We dated briefly, however in that brief period she made me the happiest man on Earth. She is a great human being, very cool to be with and highly energetic.

At first, I was skeptical, but found myself falling for her quickly. She completed me as tacky as that sounds and while my world was falling apart (lost my job, going broke, etc) she kept my head straight.

 

She however broke up with me, because while she found me to be the perfect boyfriend, she didn't feel for me in that way. I did in fact act feminine, but in all fairness, this was mostly because I was fresh off a relationship where I was broken down mentally and so tired of fighting, I just said "yes babe" to everything she said. This made me very recessive. And while this is a nice trait for a husband, this isn't sexy. She lost attraction for me once I dropped the shields and showed her this "guy."

 

However, this isn't a fair representation of me, she was technically a rebound when I wanted her to be the one. Well, not the one... just someone I could be with for a while. I know I'm better than that and when I realized what was wrong, I was a day late and a dollar short.

 

Now, forget your opinion of "just move on" I don't want to hear it. I am dead set, I want her back. she really likes me and cried herself off the phone while dumping me, I made the mistake of acting like I did with my ex and I just need to re-attract her.

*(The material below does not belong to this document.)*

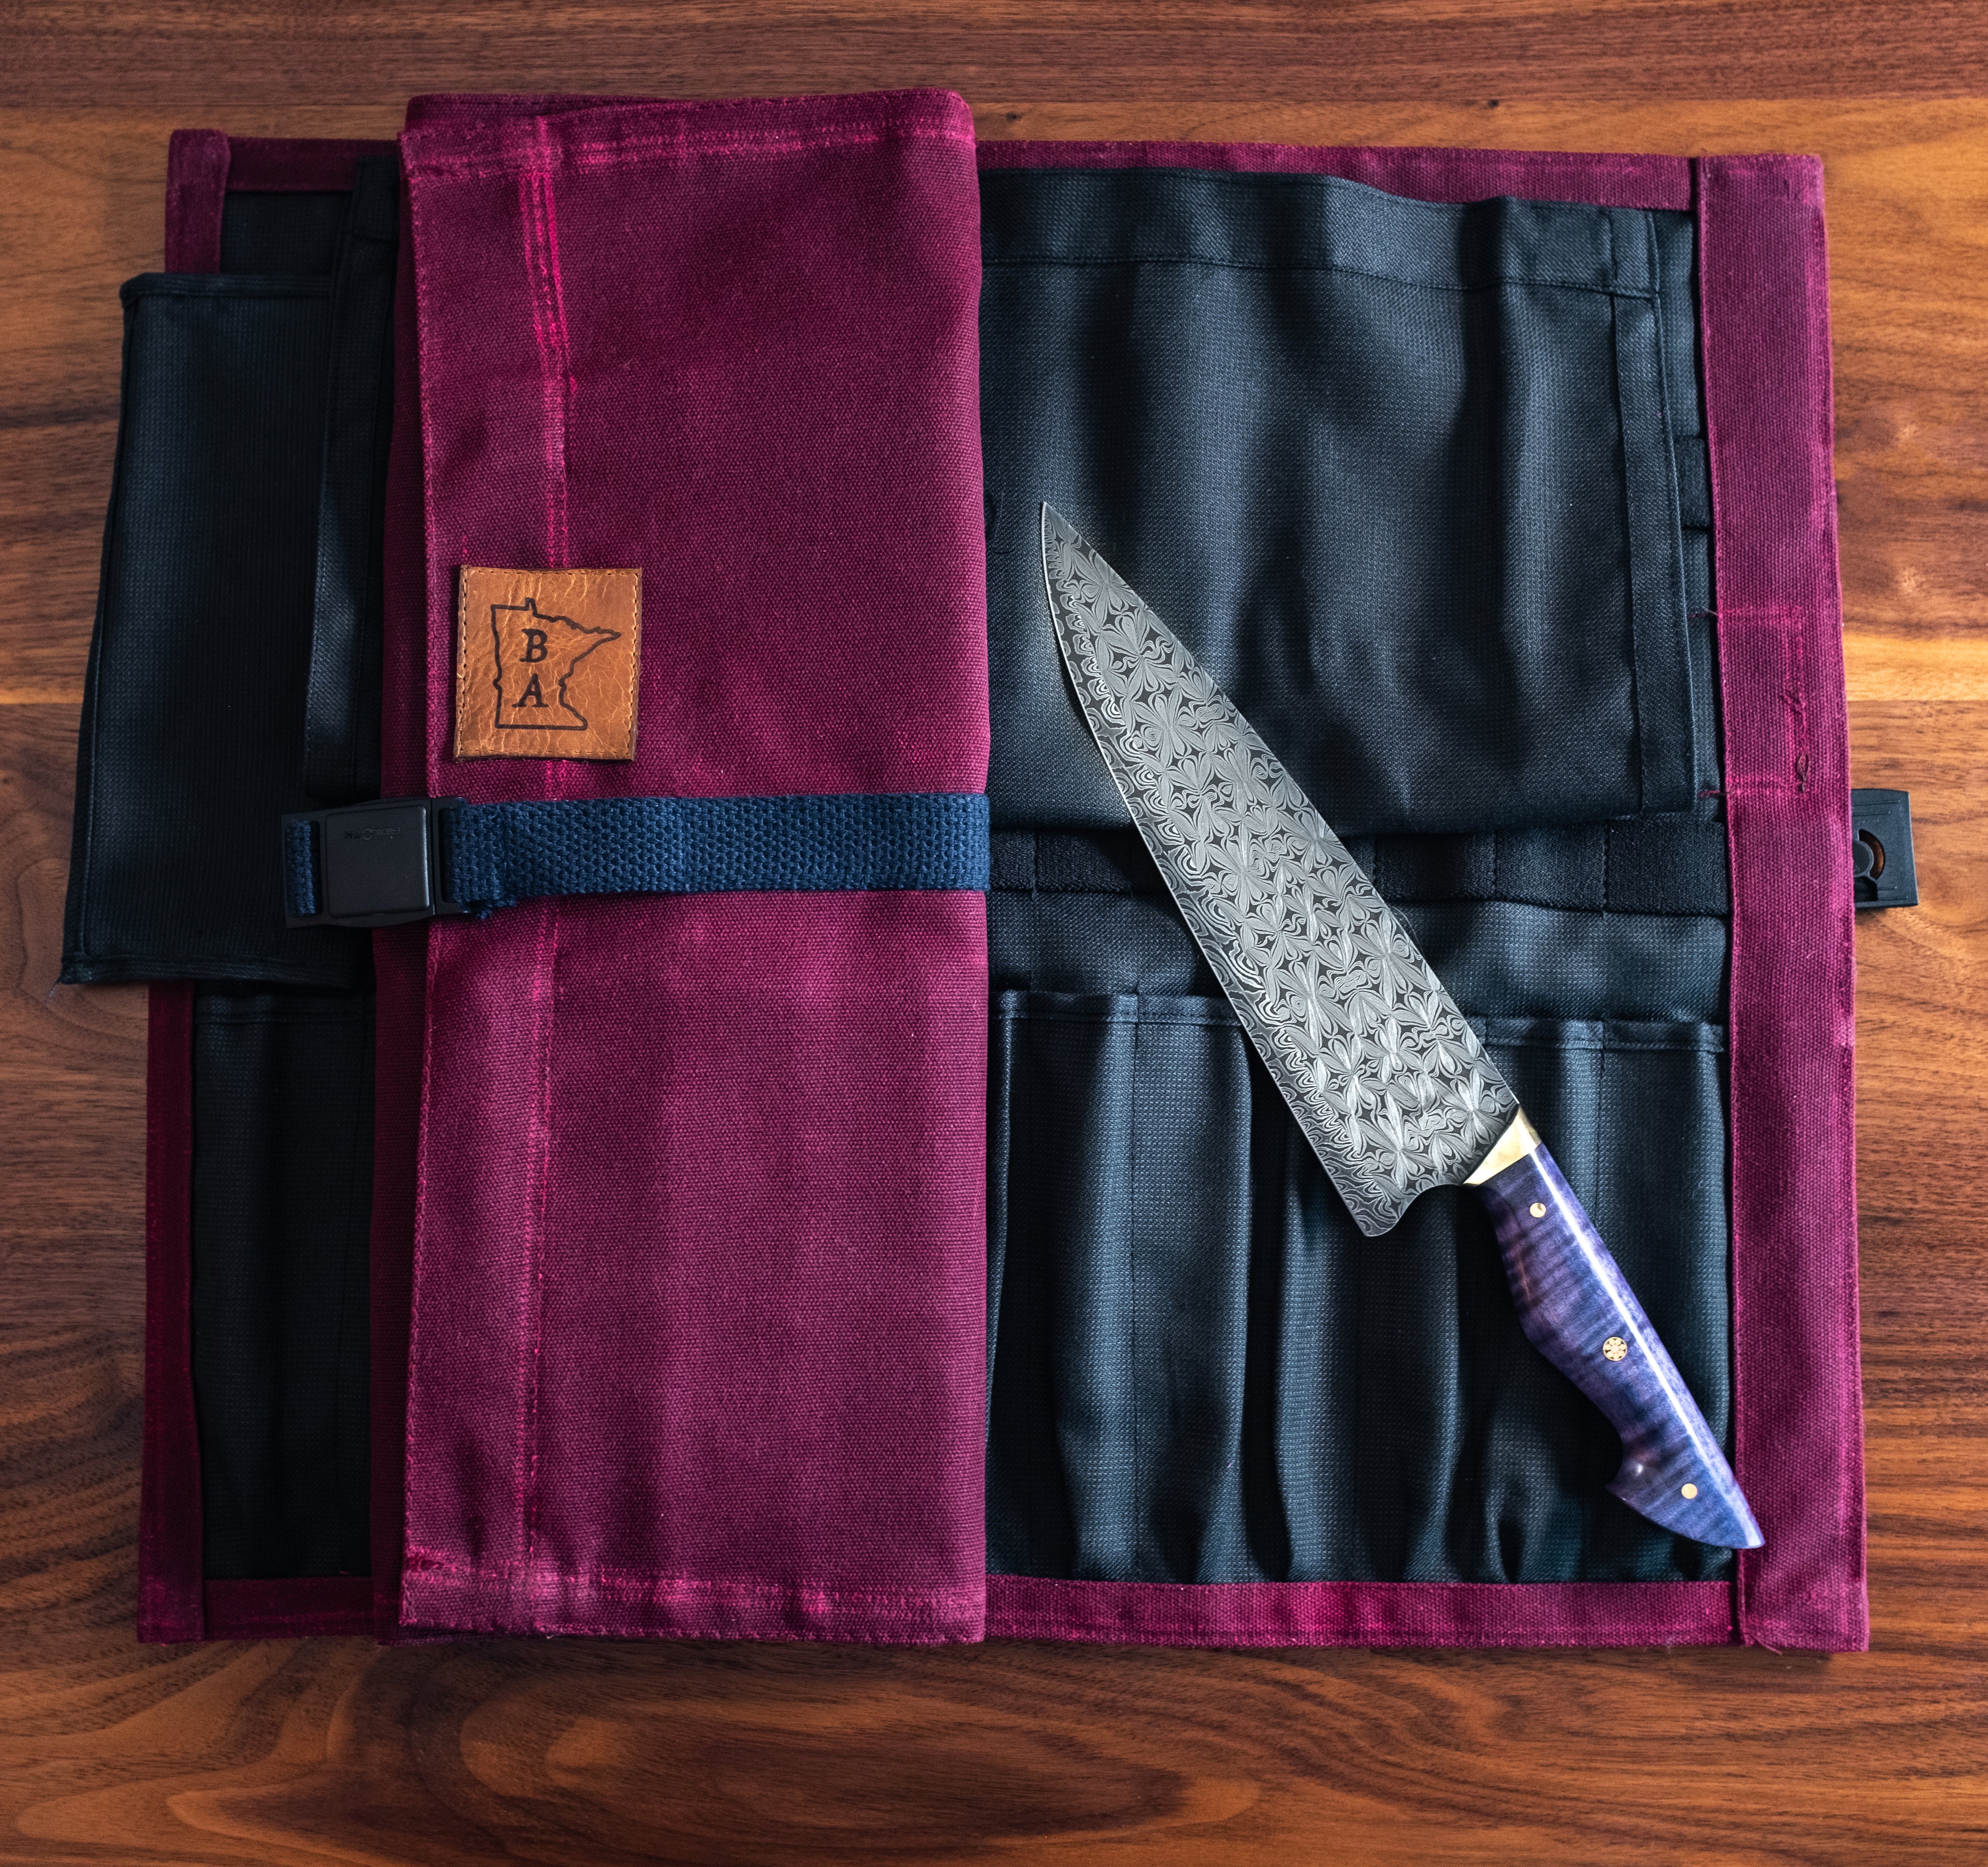 Burgundy Side Hustle knife roll unfolded showing the kevlar interior. Another burgundy Side Hustle knife roll sitting on top alongside a knife. Produced in Minnesota by Craftmade Aprons.

I want you guys to help me. I know most of my fellow GDS...ers are mostly nerds (like me) but give me your advice, I know she wants to be with me again, but I need a plan. Please give me your best advice on how I win someone back. Please, no joke responses, I am actually pretty heartbroken right now. And I hope my semi-decent status on the Dog Pound will get me some serious responses.

 

And in case you didn't know... I am drunk, so if my post sounded like rambling.... that is why. Thanks guys. I love you all.

 

...Women....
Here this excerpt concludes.